In order to make the technical means, the creative features, the achievement purposes and the functions of the present invention easy to understand, in the description of the present invention, it is to be noted that the terms "center", "upper", "lower", "left", "right", "vertical", "horizontal", "inner", "outer", etc. indicate the orientation or the positional relationship based on the orientation or the positional relationship shown in the drawings, only for the convenience of describing the present invention and simplifying the description, but not for indicating or implying that the indicated device or element must have a specific orientation, be constructed and operated in a specific orientation, and thus, cannot be understood as limiting the present invention. Furthermore, the terms "a," "an," "two," and "three" are used for descriptive purposes only and are not to be construed as indicating or implying relative importance.

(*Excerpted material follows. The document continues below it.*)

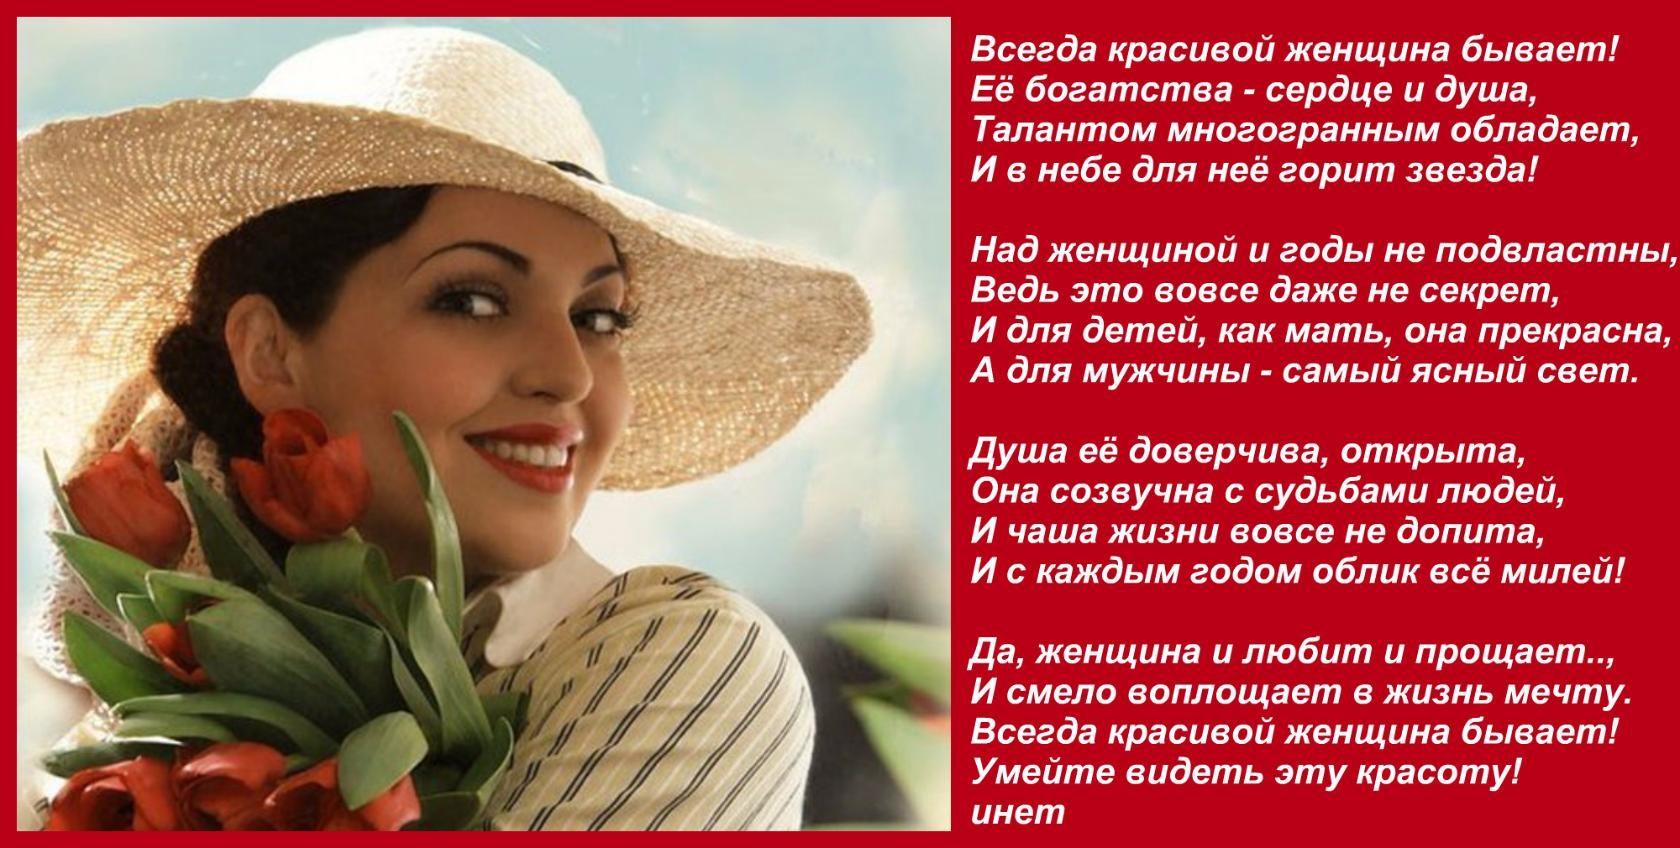 Открытка прекрасная женщина прекрасна всегда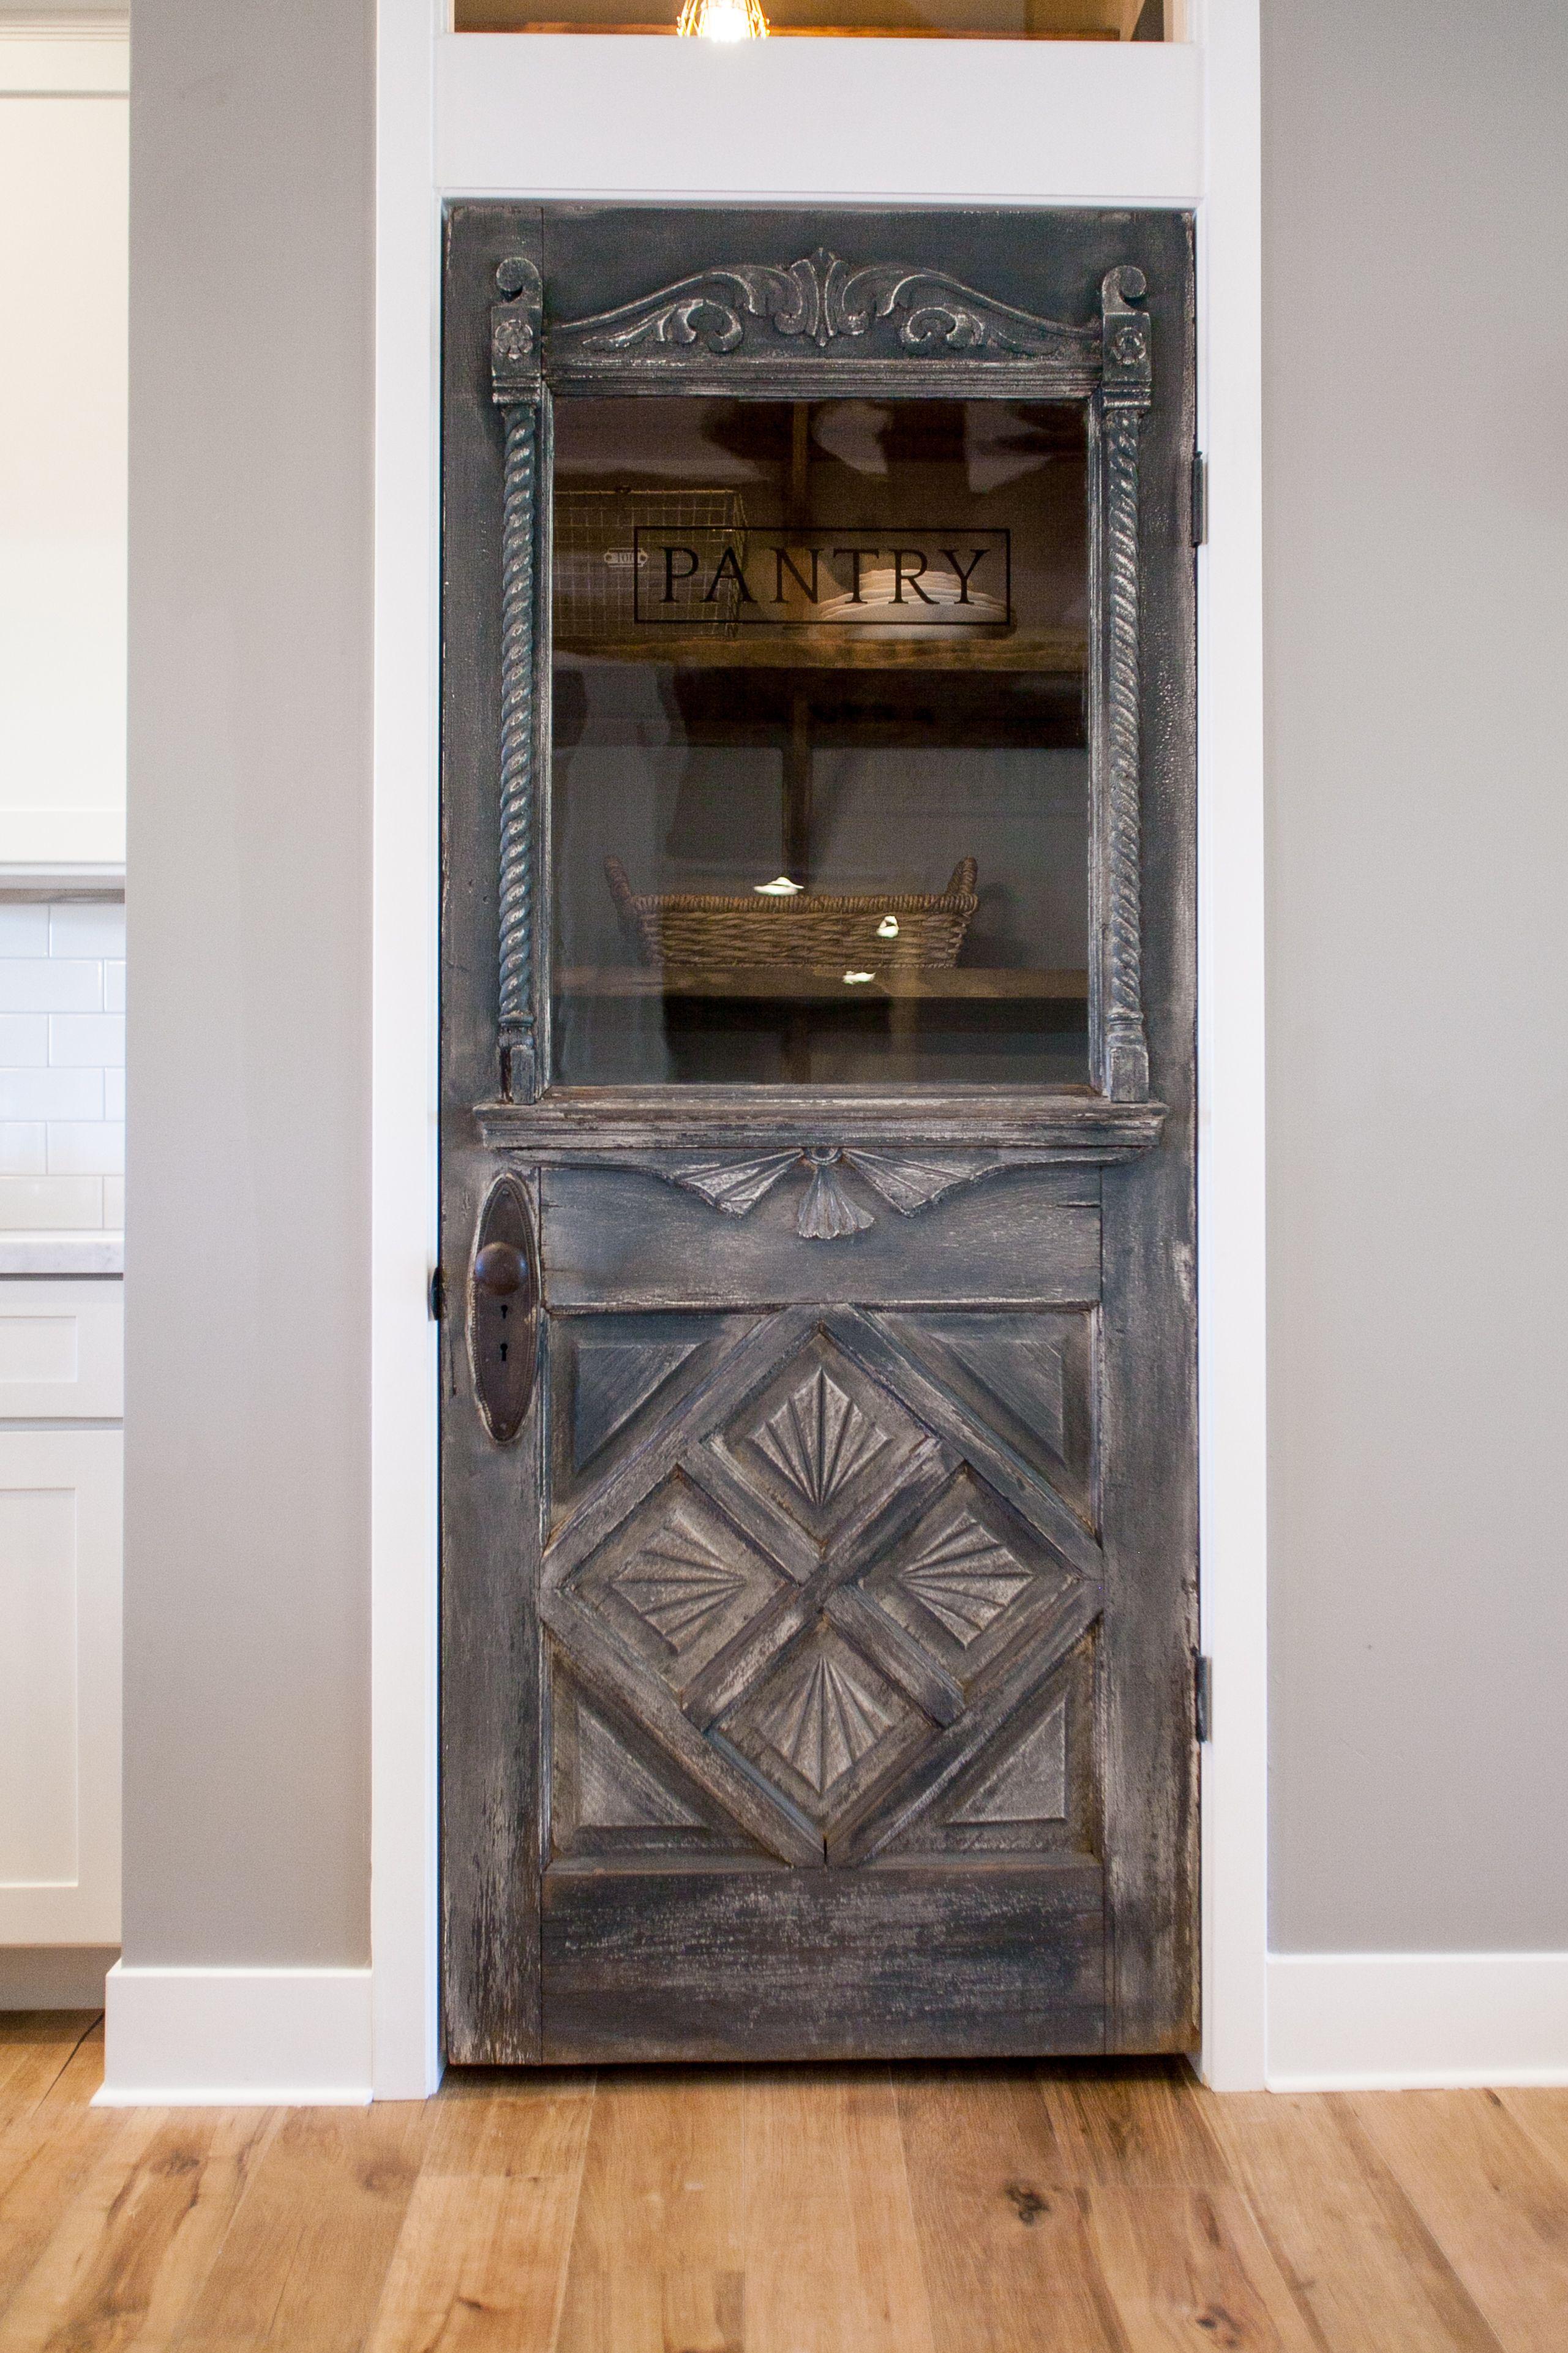 Antique Farmhouse Door Repurposed As A Pantry Door By Rafterhouse Farmhouse Doors Farmhouse Pantry Doors Repurposed

The present invention will be further described with reference to the following detailed description.

Example 1

As shown in figures 1-4, a building seepage detection device for hydraulic engineering comprises a working box 1 and two sealing devices 2, wherein four corners of the lower surface of the working box 1 are fixedly connected with supporting legs 101, the bottom ends of the supporting legs 101 are provided with universal wheels 102, the upper surface of the working box 1 is fixedly connected with a fixed cylinder 3, a movable cylinder 4 is arranged above the fixed cylinder 3, the top end of the fixed cylinder 3 is positioned inside the movable cylinder 4 and is fixedly connected with a limiting block 5, the left side and the right side of the limiting block 5 are fixedly connected with sliding blocks 501, the inner walls of the left side and the right side of the movable cylinder 4 are respectively provided with a sliding groove 502 matched with the sliding blocks 501, the middle part of the inner top wall of the movable cylinder 4 is fixedly connected with a motor 6, the output end of the motor 6 is fixedly connected with a first lead screw 7, the bottom end of the first lead screw 7 penetrates through the limiting block 5 and is fixedly connected with a stop block 8, the first lead screw 7 is in threaded connection with the limiting block 5, the top of a movable section of thick bamboo 4 rotates through the bearing and is connected with fixed plate 9, two all are provided with two connecting rods 10 about fixed plate 9, the one end fixedly connected with mounting panel 11 of fixed plate 9 is kept away from to two connecting rods 10, threaded connection has second lead screw 12 on the mounting panel 11, second lead screw 12 is close to the one end fixedly connected with handle 13 of connecting rod 10, the outer fixed surface of handle 13 is connected with anti-skidding line, the one end that connecting rod 10 was kept away from to second lead screw 12 is connected through the bearing rotation with sealing device 2, sealing device 2 is close to one side fixedly connected with guide bar 14 of mounting panel 11, the one end that sealing device 2 was kept away from to guide bar 14 runs through mounting panel 11, guide bar 14 and mounting panel 11 sliding connection.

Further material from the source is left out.